"For a generation or more, America’s high levels of child poverty set it apart from other rich nations, leaving millions of young people lacking support as basic as food and shelter amid mounting evidence that early hardship leaves children poorer, sicker and less educated as adults. But with little public notice and accelerating speed, America’s children have become much less poor," Jason DeParle, a longtime poverty reporter, writes for The New York Times.
"A comprehensive new analysis shows that child poverty has fallen 59 percent since 1993, with need receding on nearly every front," DeParle reports. "Child poverty has fallen in every state, and it has fallen by about the same degree among children who are white, Black, Hispanic and Asian, living with one parent or two, and in native or immigrant households. . . . In 1993, nearly 28 percent of children were poor, meaning their households lacked the income the government deemed necessary to meet basic needs. By 2019, before temporary pandemic aid drove it even lower, child poverty had fallen to about 11%."

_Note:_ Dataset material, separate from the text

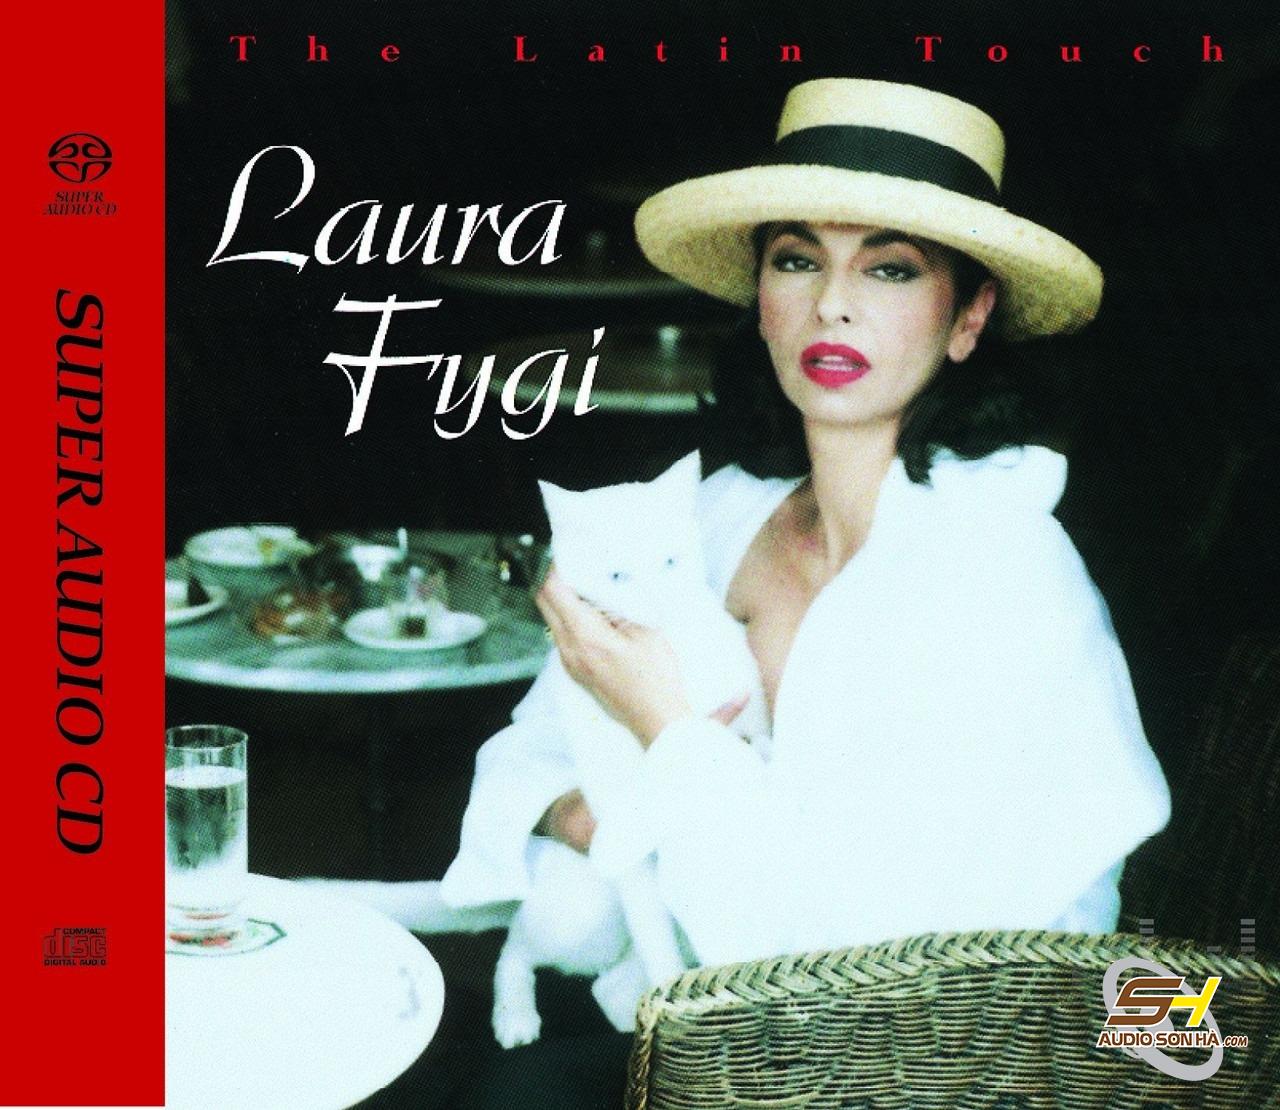 CD LAURA FUGI ( SACD)

The analysis by nonprofit Child Trends, noted that pandemic aid such as the expanded child tax credit spurred the trend. But even so, "More than eight million children remained in poverty, and despite shared progress," DeParle reports. "Black and Latino children are about three times as likely as white children to be poor. With the poverty line low (about $29,000 for a family of four in a place with typical living costs), many families who escape poverty in the statistical sense still experience hardship."